I lost my calculations for mapL, but here it is, a classic of
fold universality:

    mapL ∷ (α → β) → List α → List β
    mapL f = foldL (Cons ∘ f) Nil

We look at the flipped version of appendL, defined by

    appendL' ys Nil         = ys
    appendL' ys (Cons x xs) = Cons x (appendL' ys xs)

(appendL' ys xs is equivalent to appendL xs ys.)

Using the universal property of foldL, we need to solve the following
for e and f:

    (appendL' ys) Nil         = e
    (appendL' ys) (Cons z zs) = f z ((appendL' ys) zs)

The first is immediate: e = ys.  The second:

    (appendL' ys) (Cons z zs) = f z ((appendL' ys) zs)
  =   { appendL'.2, unapply appendL' }
    Cons z (appendL' ys zs) = f z (appendL' ys zs)

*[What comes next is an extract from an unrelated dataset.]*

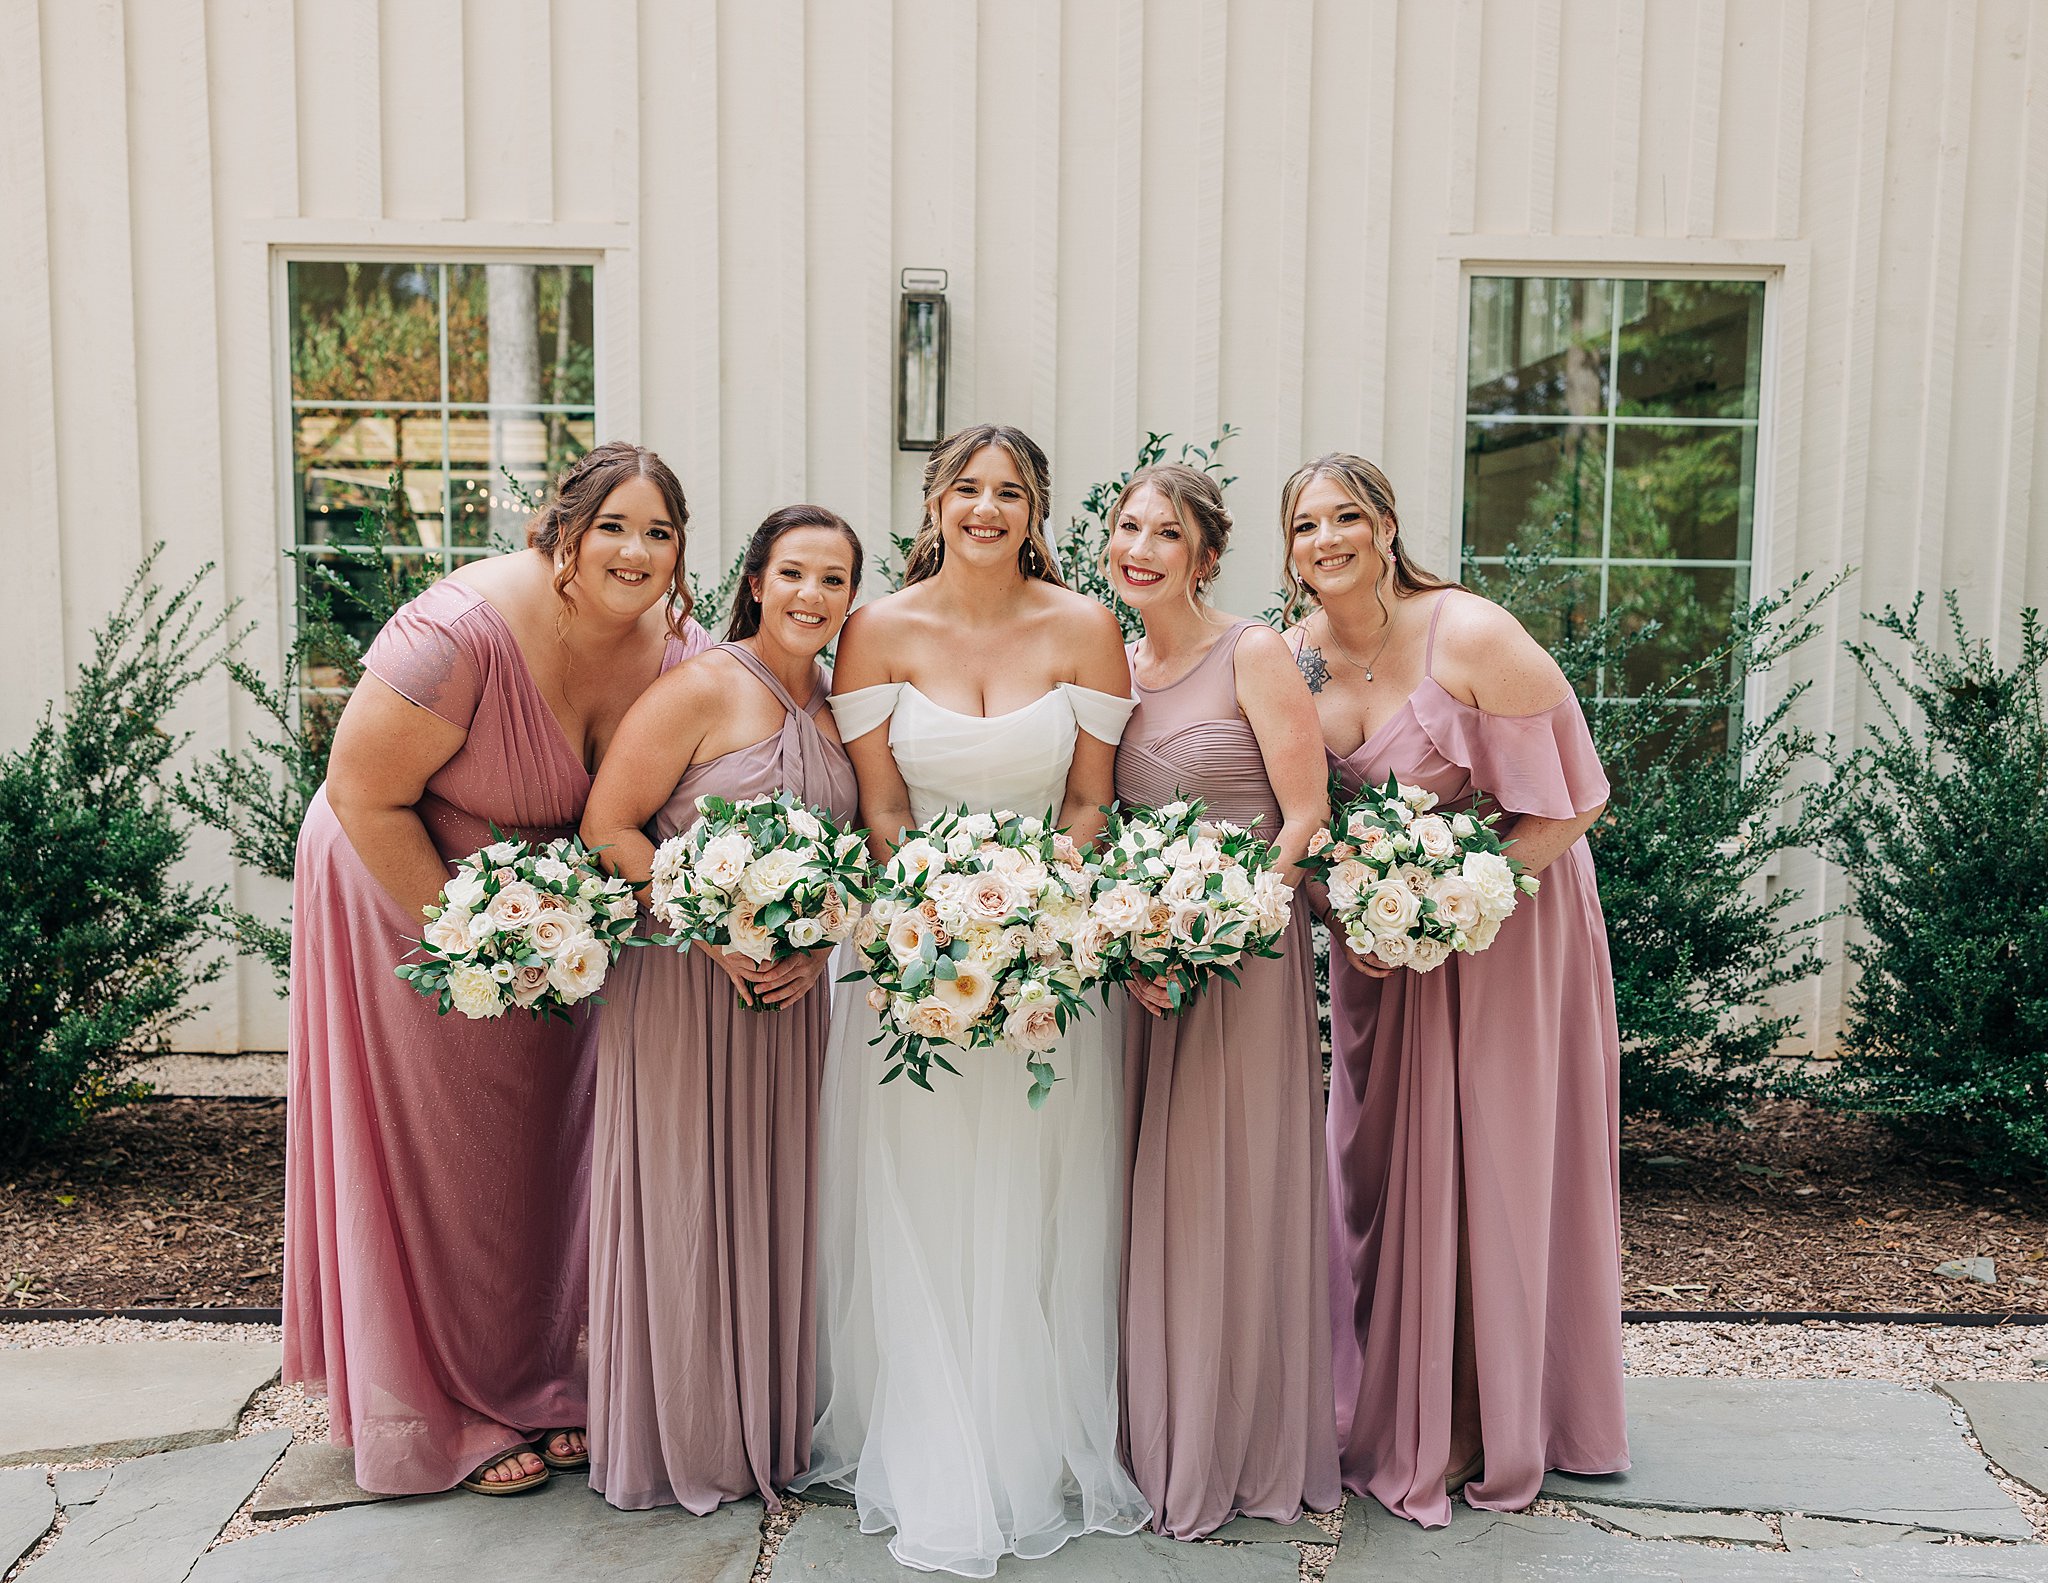 A bride smiles with her bridesmaids while holding their bouquets

and thus f = Cons.  So we have:

    (appendL' ys) = foldL Cons ys

We can now get back the original form,

    appendL xs ys = foldL Cons ys xs,

which completes the derivation.


Lastly, concatL is defined by:

    concatL ∷ List (List α) → List α
    concatL Nil           = Nil
    concatL (Cons xs xss) = appendL xs (concatL xss)

Using the universal property of foldL, we need to solve the following
for e and f:

    concatL Nil           = e
    concatL (Cons xs xss) = f xs (concatL xss)

By a straightforward application of the equations for concatL, we have
e = Nil and f = appendL, so:

    concatL = foldL appendL Nil